Transcribe only the part of the material below that begins at the line containing "Lets Express 2.01738 as afraction" and ends at the line containing "Hunting Permission Letter", with both kept and images left out.
(DATASET EXTRACT Opens)
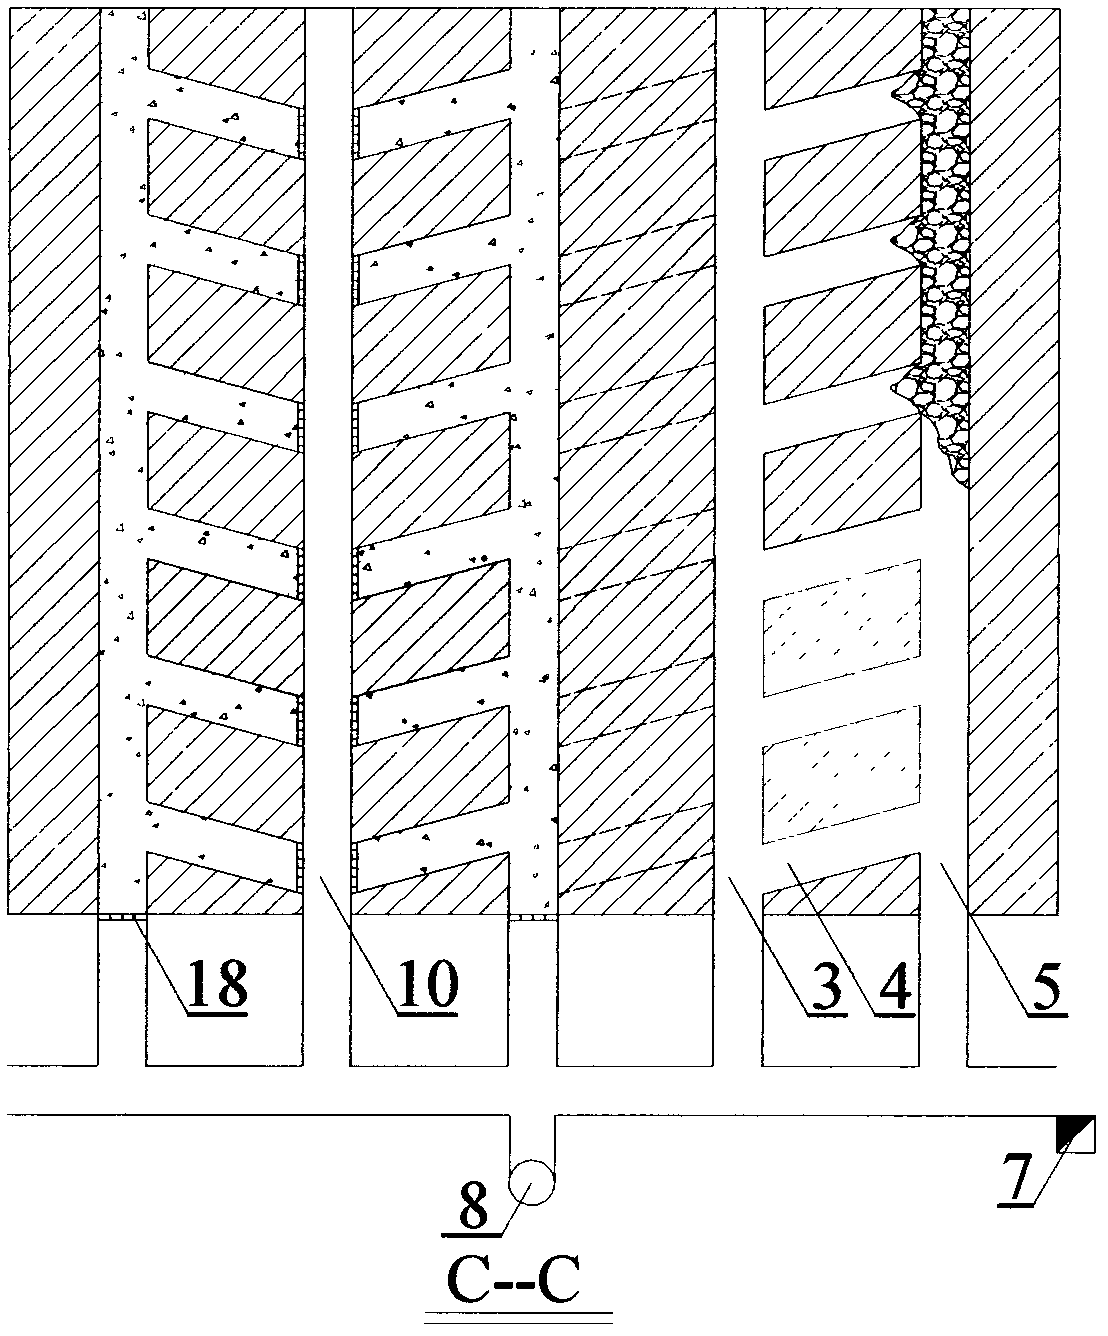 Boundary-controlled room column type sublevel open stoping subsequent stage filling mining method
(DATASET EXTRACT Closes)
(DATASET EXTRACT Opens)
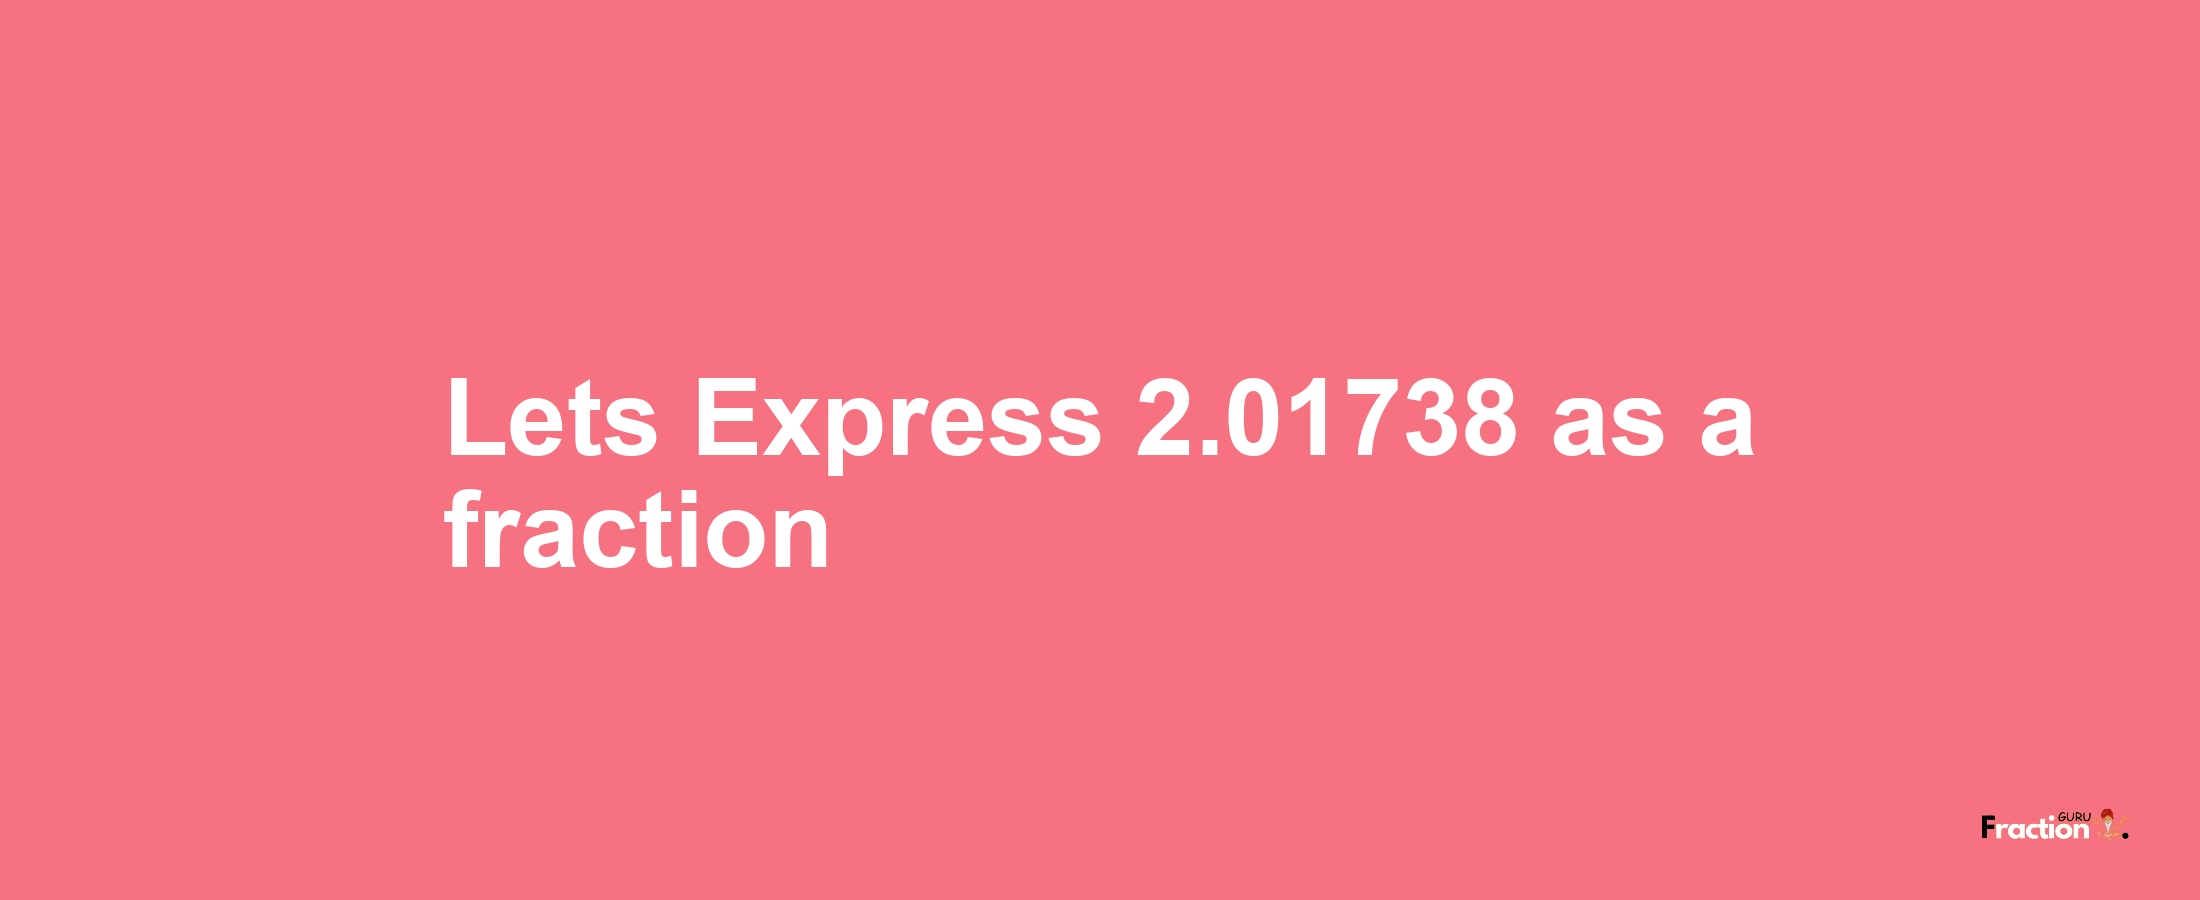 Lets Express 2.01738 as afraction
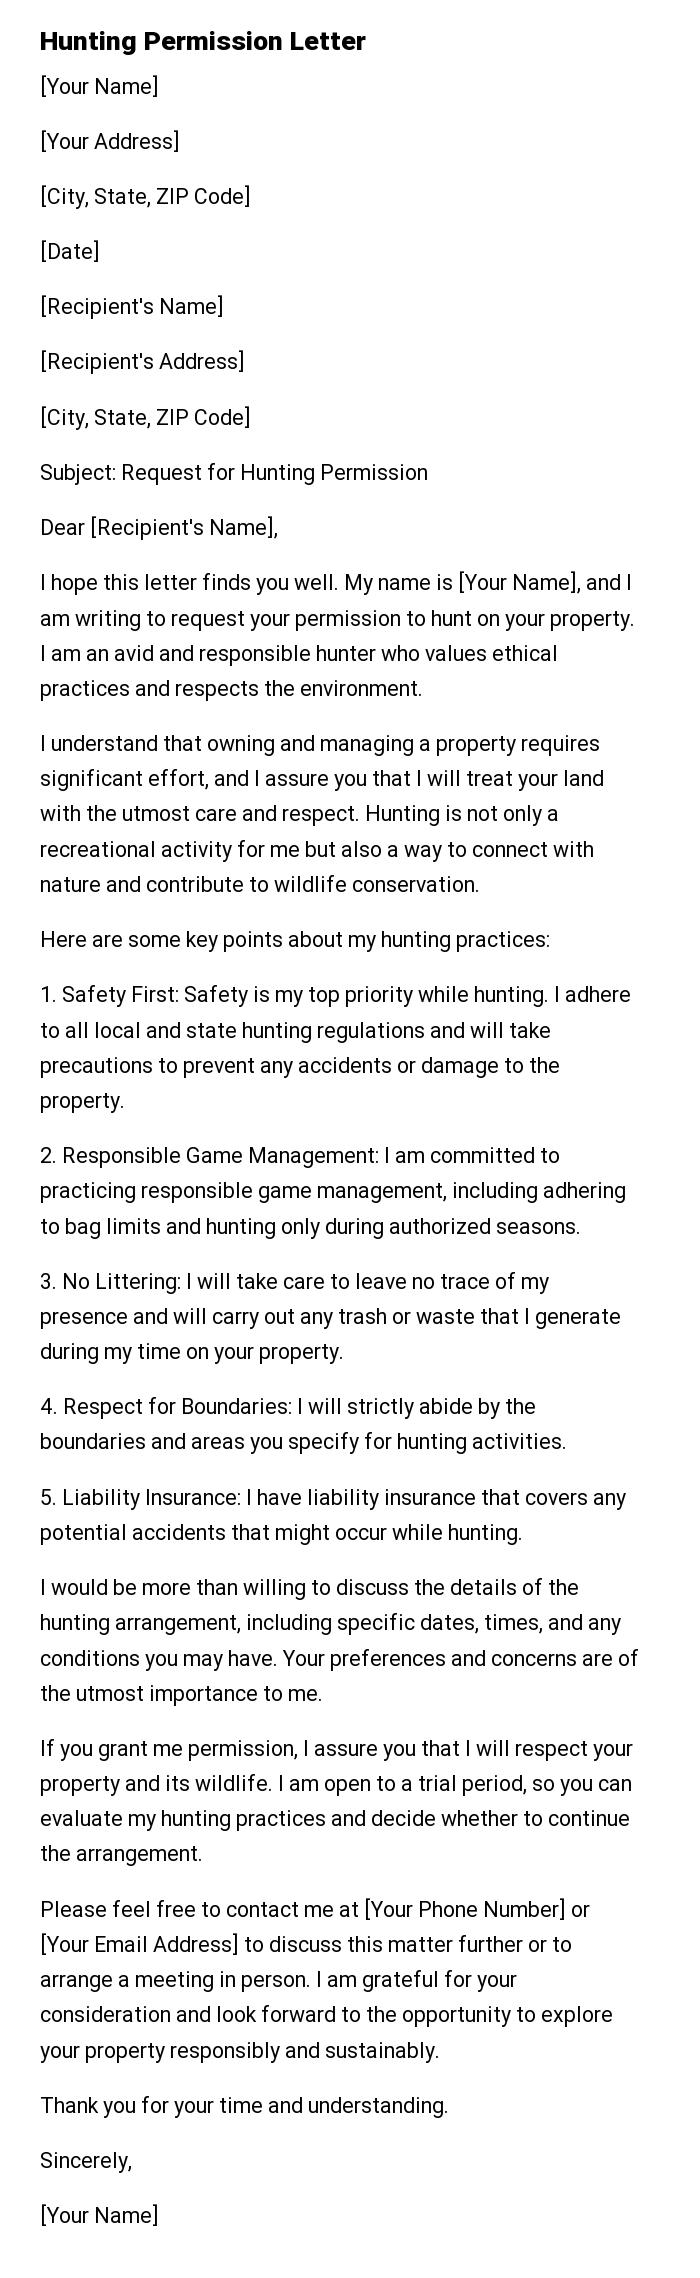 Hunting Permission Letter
(DATASET EXTRACT Closes)
SOLVED PROBLEM:
 Lets Express 2.01738 as afraction
 Hunting Permission Letter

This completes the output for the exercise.